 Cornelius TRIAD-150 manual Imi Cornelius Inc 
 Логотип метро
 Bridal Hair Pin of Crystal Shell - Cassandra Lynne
--
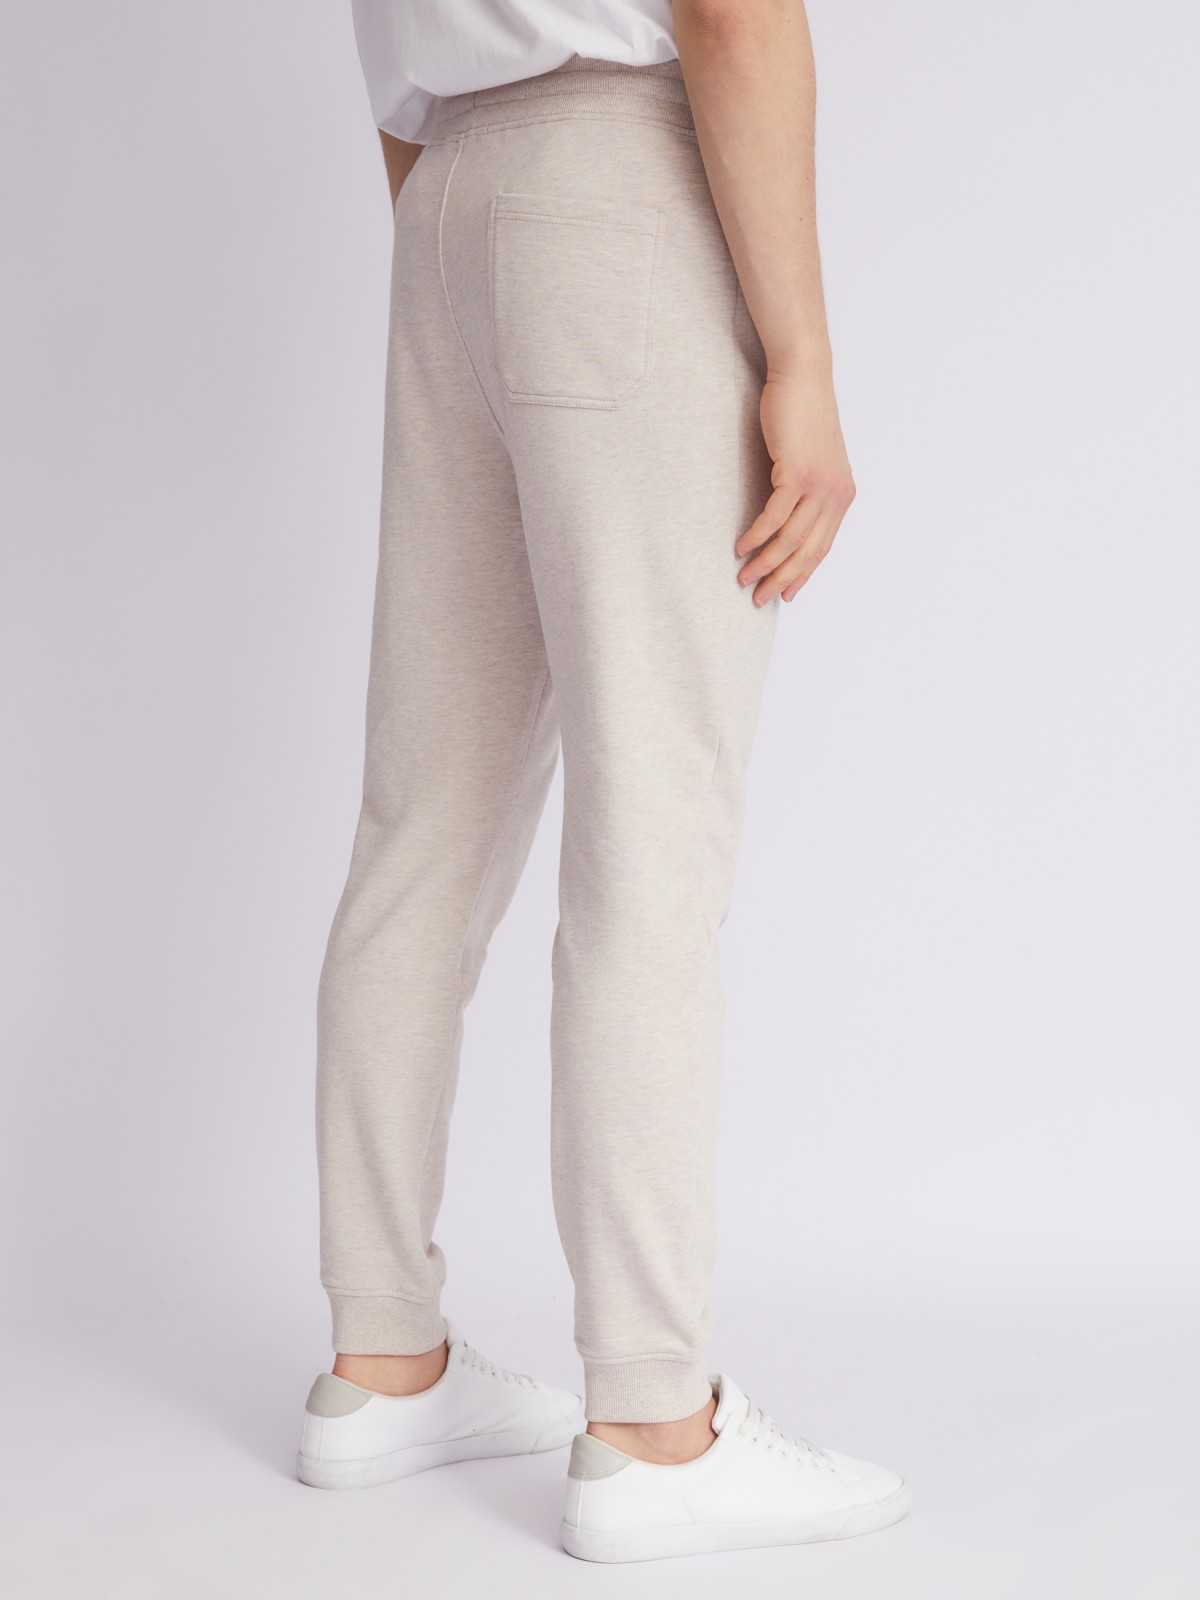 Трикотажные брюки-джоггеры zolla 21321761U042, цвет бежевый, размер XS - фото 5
==
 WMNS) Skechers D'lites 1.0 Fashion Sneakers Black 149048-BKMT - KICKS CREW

Brief: Starting at the line above that contains "Cornelius TRIAD-150 manual", write out each line exactly until the line that contains "Bridal Hair Pin" has been written, and stop there.

Response to the exercise:
 Cornelius TRIAD-150 manual Imi Cornelius Inc 
 Логотип метро
 Bridal Hair Pin of Crystal Shell - Cassandra Lynne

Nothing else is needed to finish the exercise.